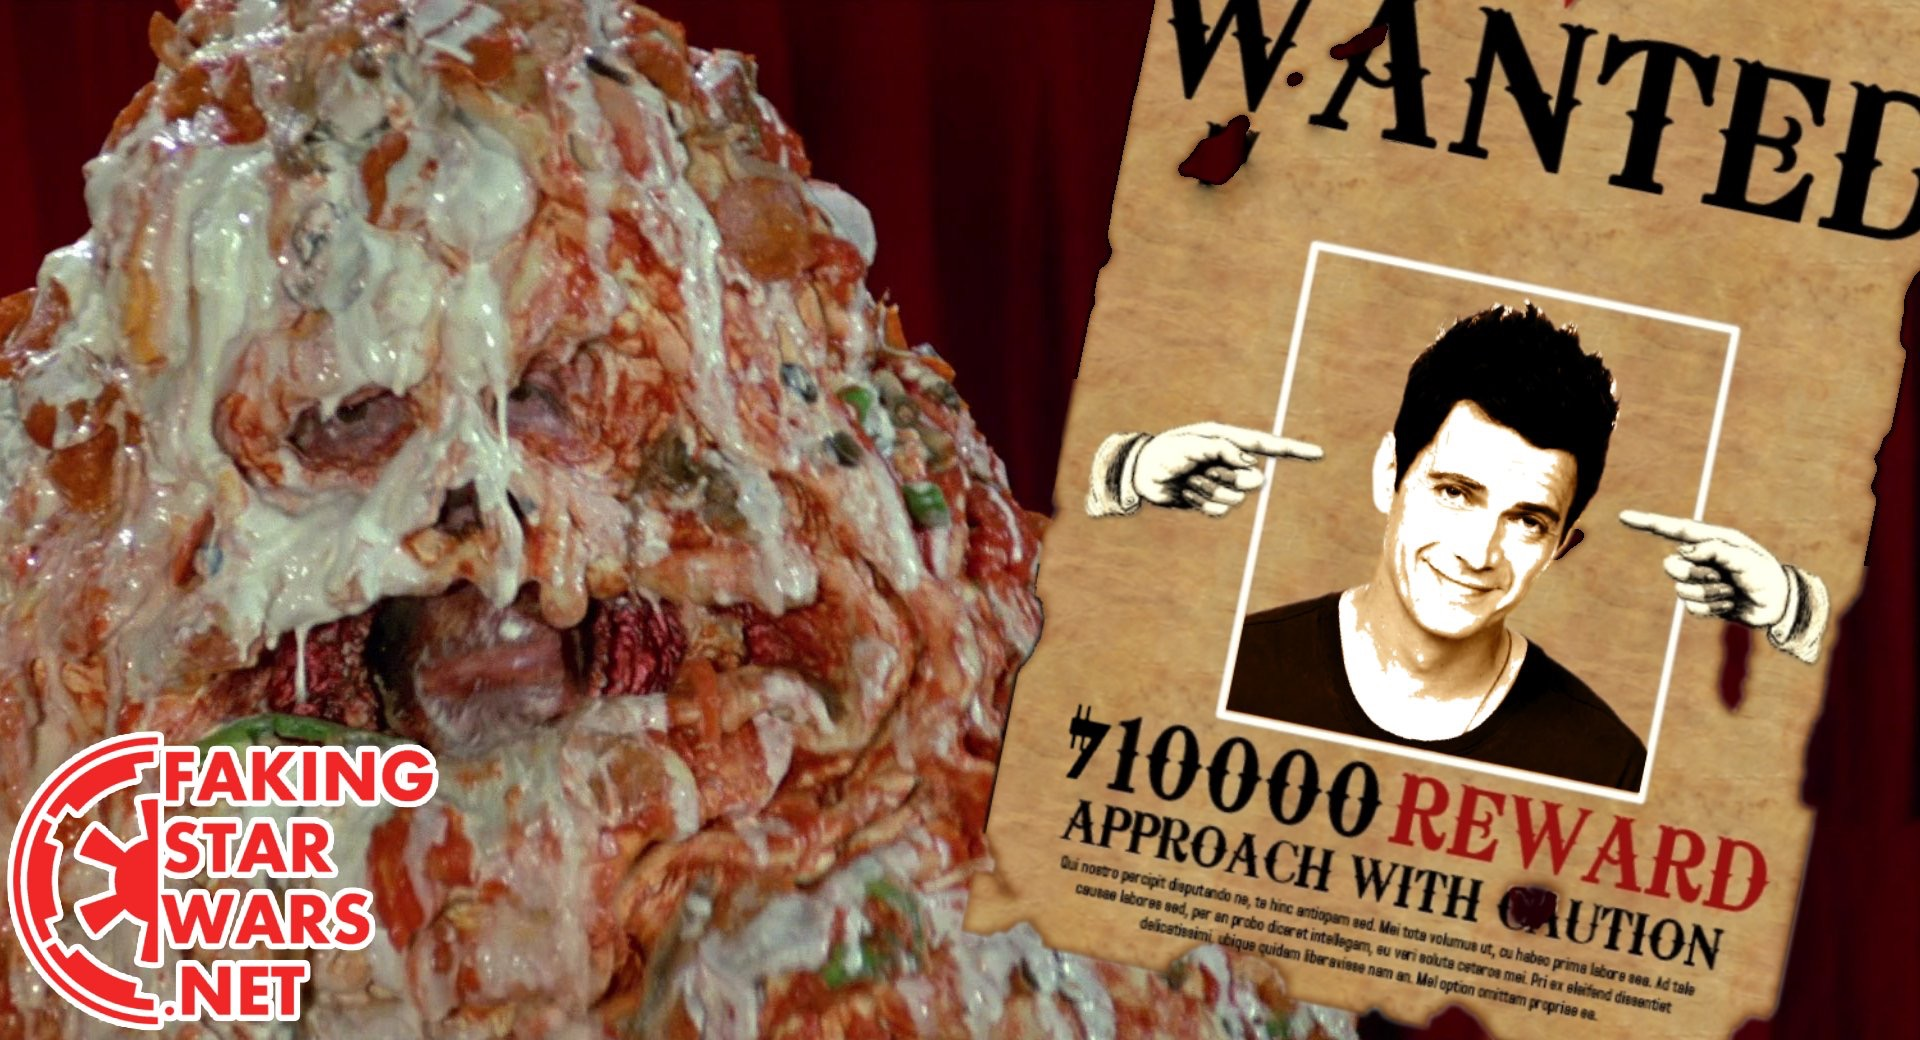 Pizza The Hut Issues Bounty On Hayden Christensen Over
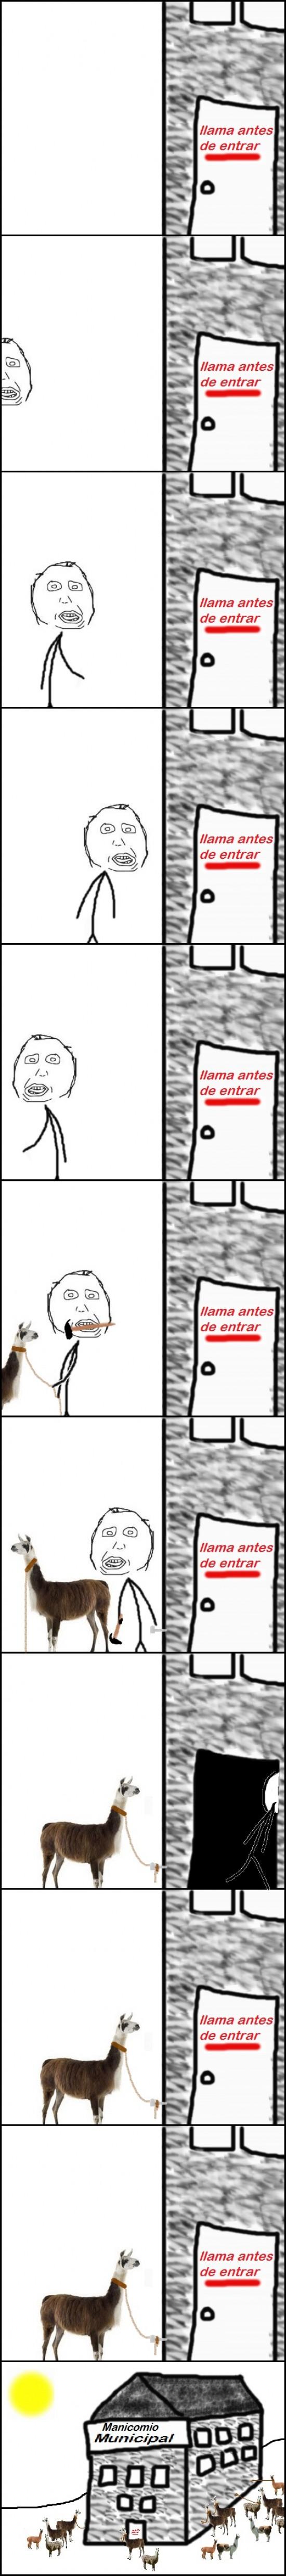 entrar,Llama,loco,manicomio,retarded
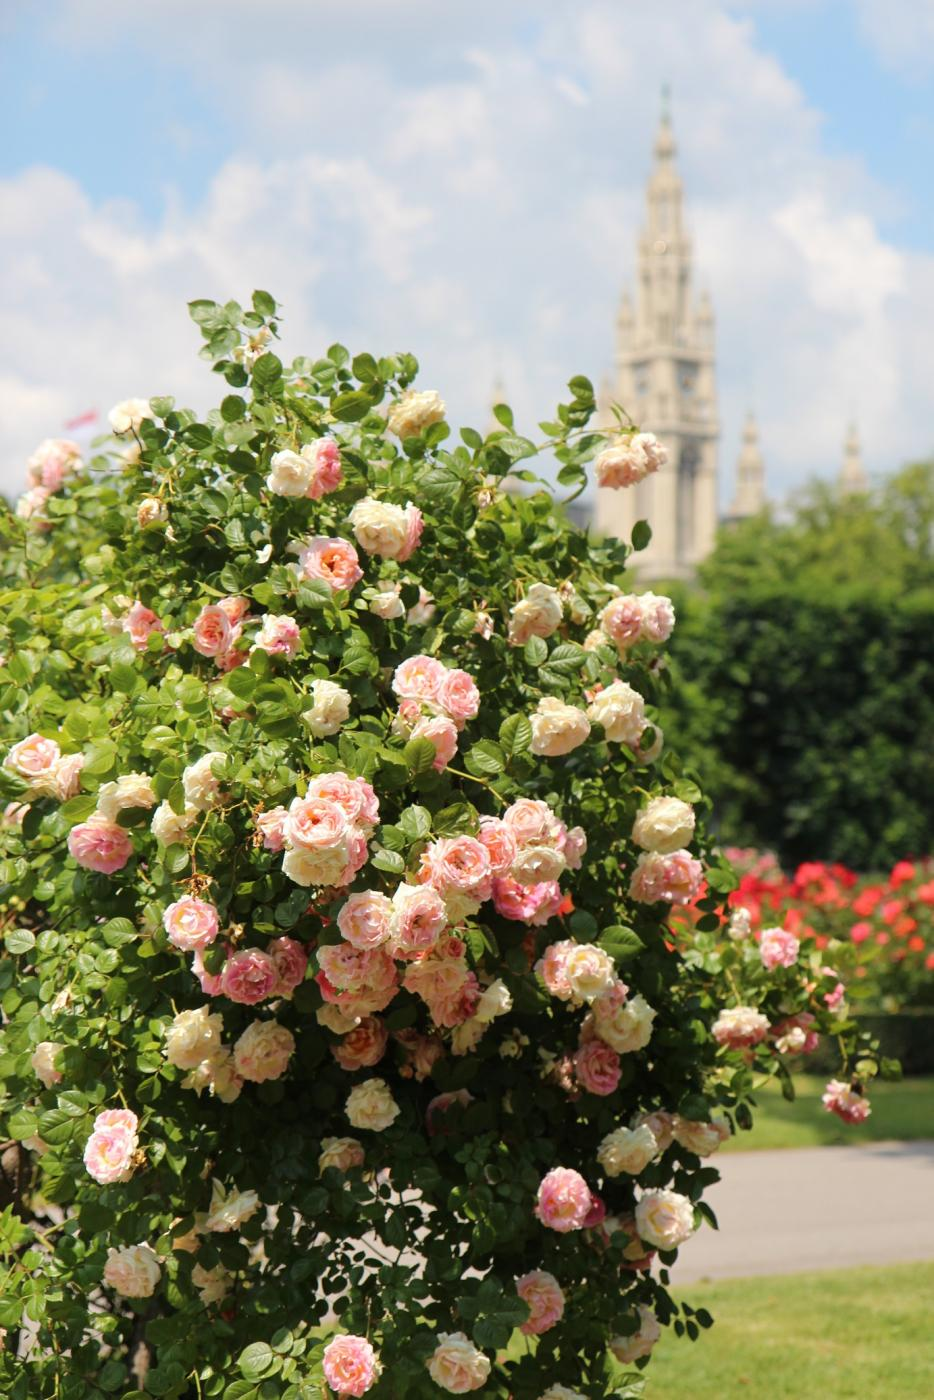 Miljoona ruusua
....
TASK GOAL: Reproduce every line above word for word; no images.

REPLY:
 Pizza The Hut Issues Bounty On Hayden Christensen Over
 entrar,Llama,loco,manicomio,retarded
 Miljoona ruusua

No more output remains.